■ Stored data ■
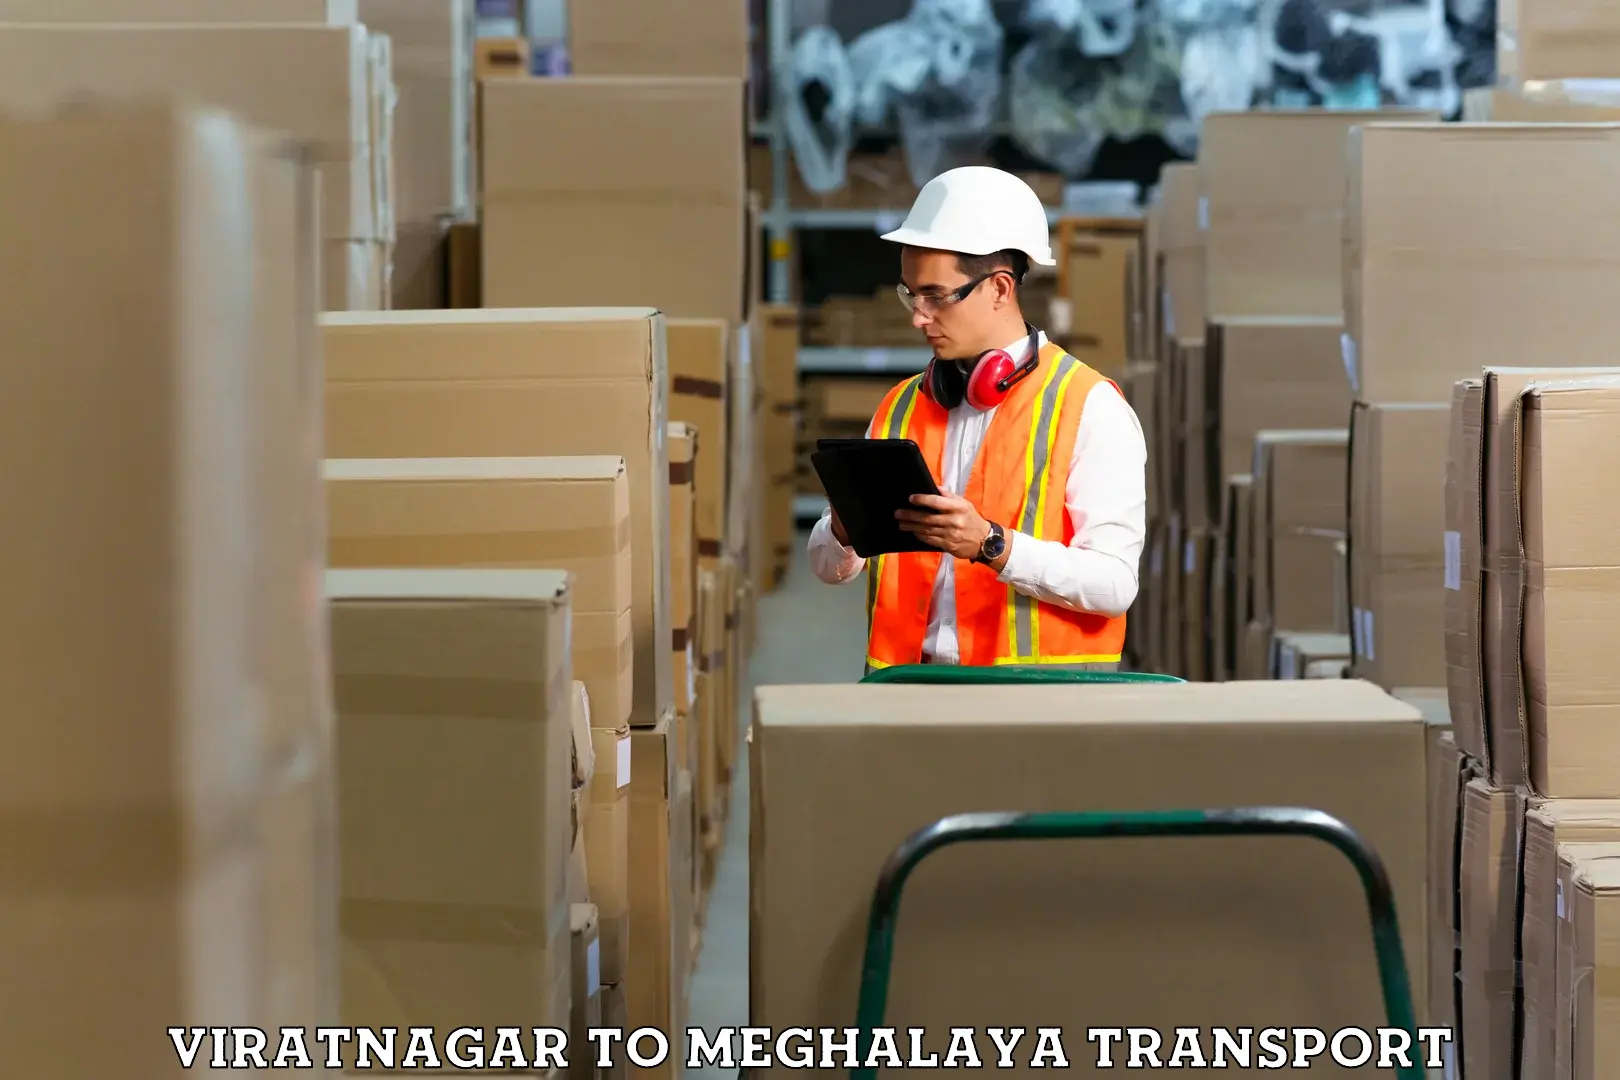 Cargo transportation services Viratnagar to Shillong
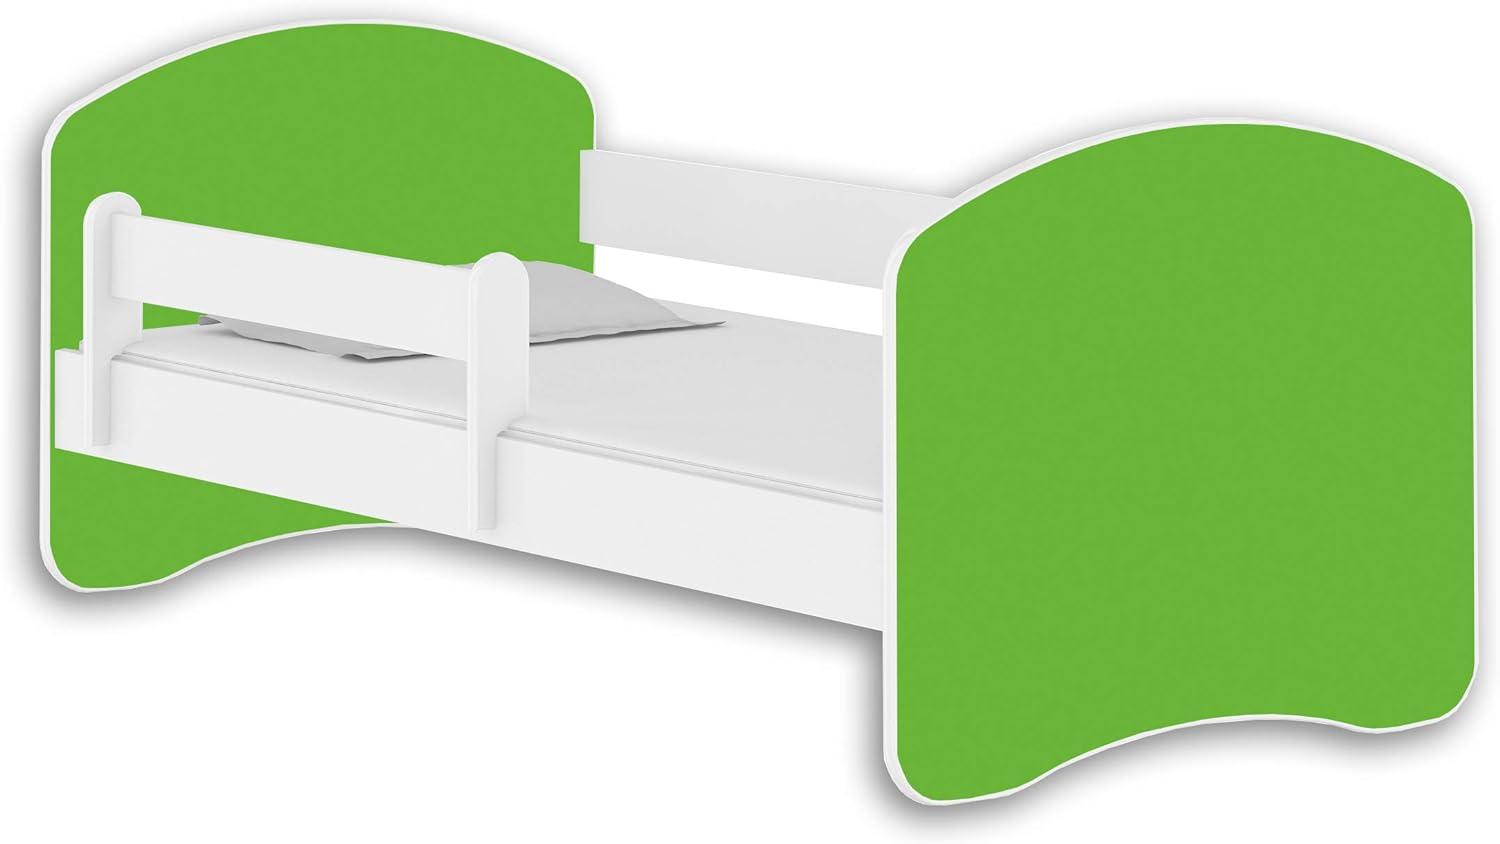 Jugendbett Kinderbett mit einer Schublade mit Rausfallschutz und Matratze Weiß ACMA II 140 160 180 (160x80 cm, Weiß - Grün) Bild 1
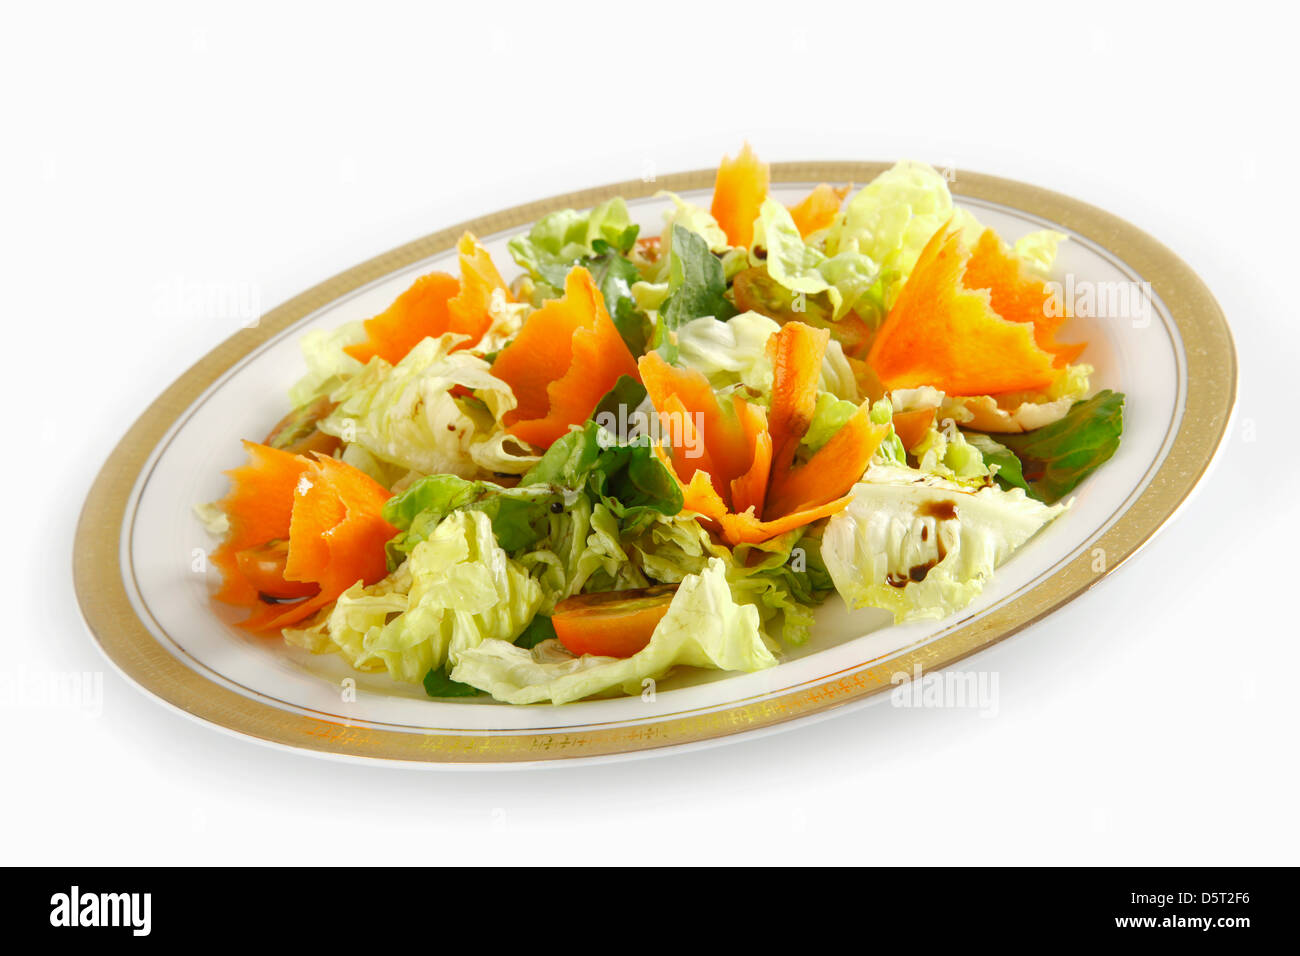 Ortaggi freschi: carota e lattuga; mangiare sano e dietetico Foto Stock
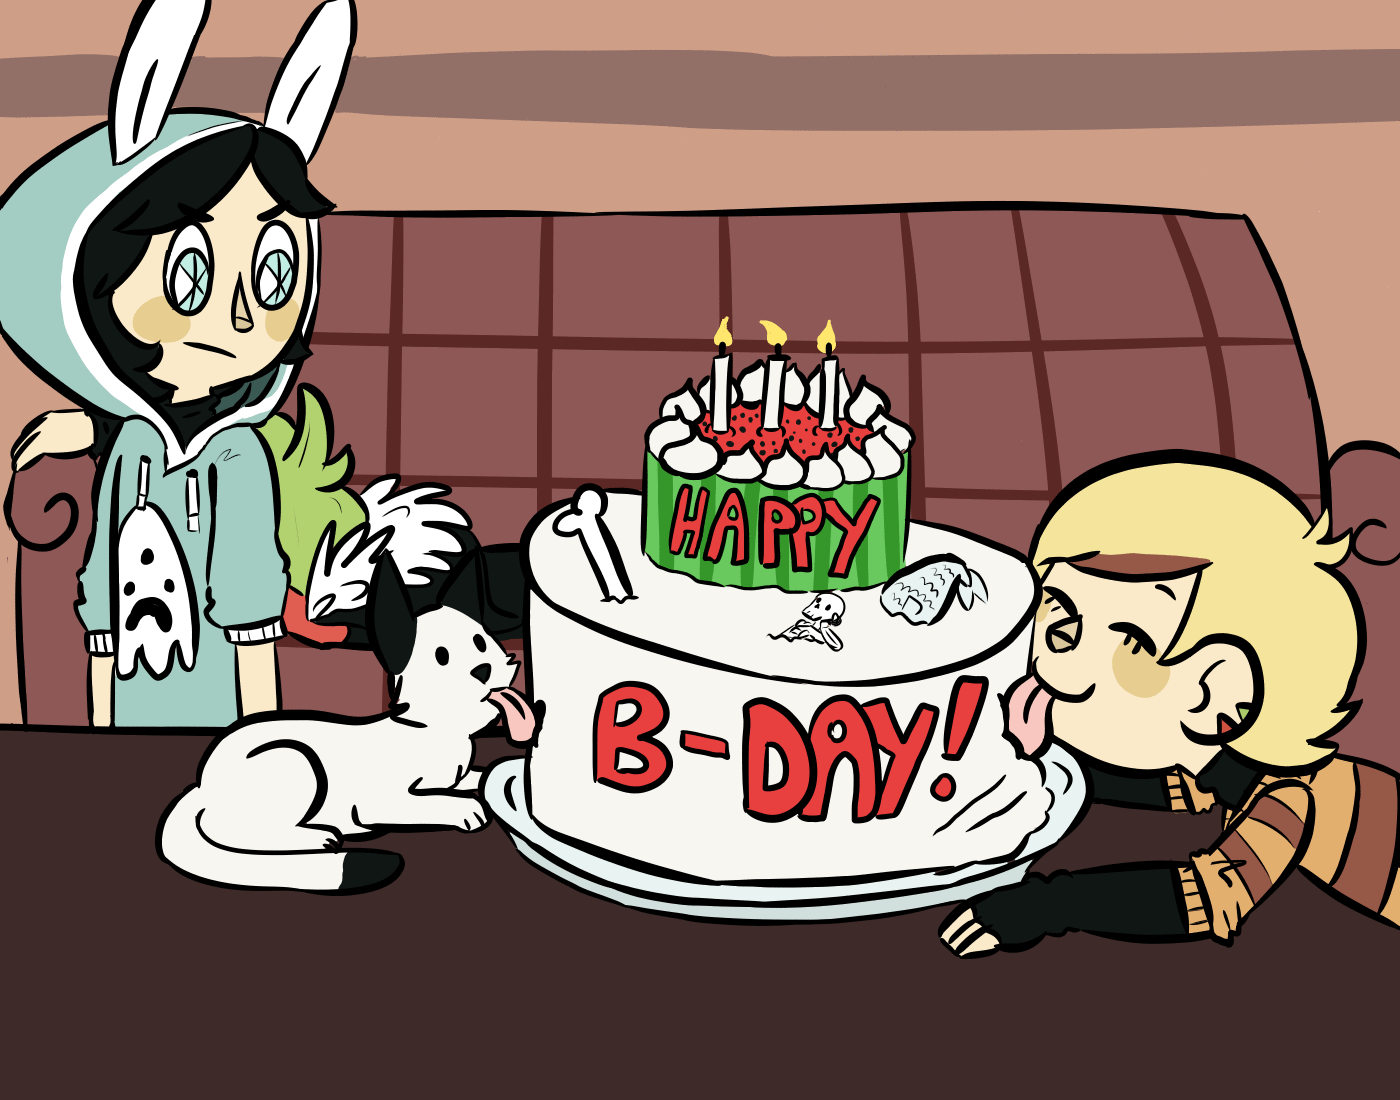 Chúc mừng sinh nhật liếm bánh hoạt hình

■ Exercise aim ■
Could you return the listing above exactly, minus its pictures?

■ Answer to this task ■
 Cargo transportation services Viratnagar to Shillong
 Jugendbett Kinderbett mit einer Schublade mit Rausfallschutz und Matratze Weiß ACMA II 140 160 180 (160x80 cm, Weiß - Grün) Bild 1
 Ortaggi freschi: carota e lattuga; mangiare sano e dietetico Foto Stock
 Chúc mừng sinh nhật liếm bánh hoạt hình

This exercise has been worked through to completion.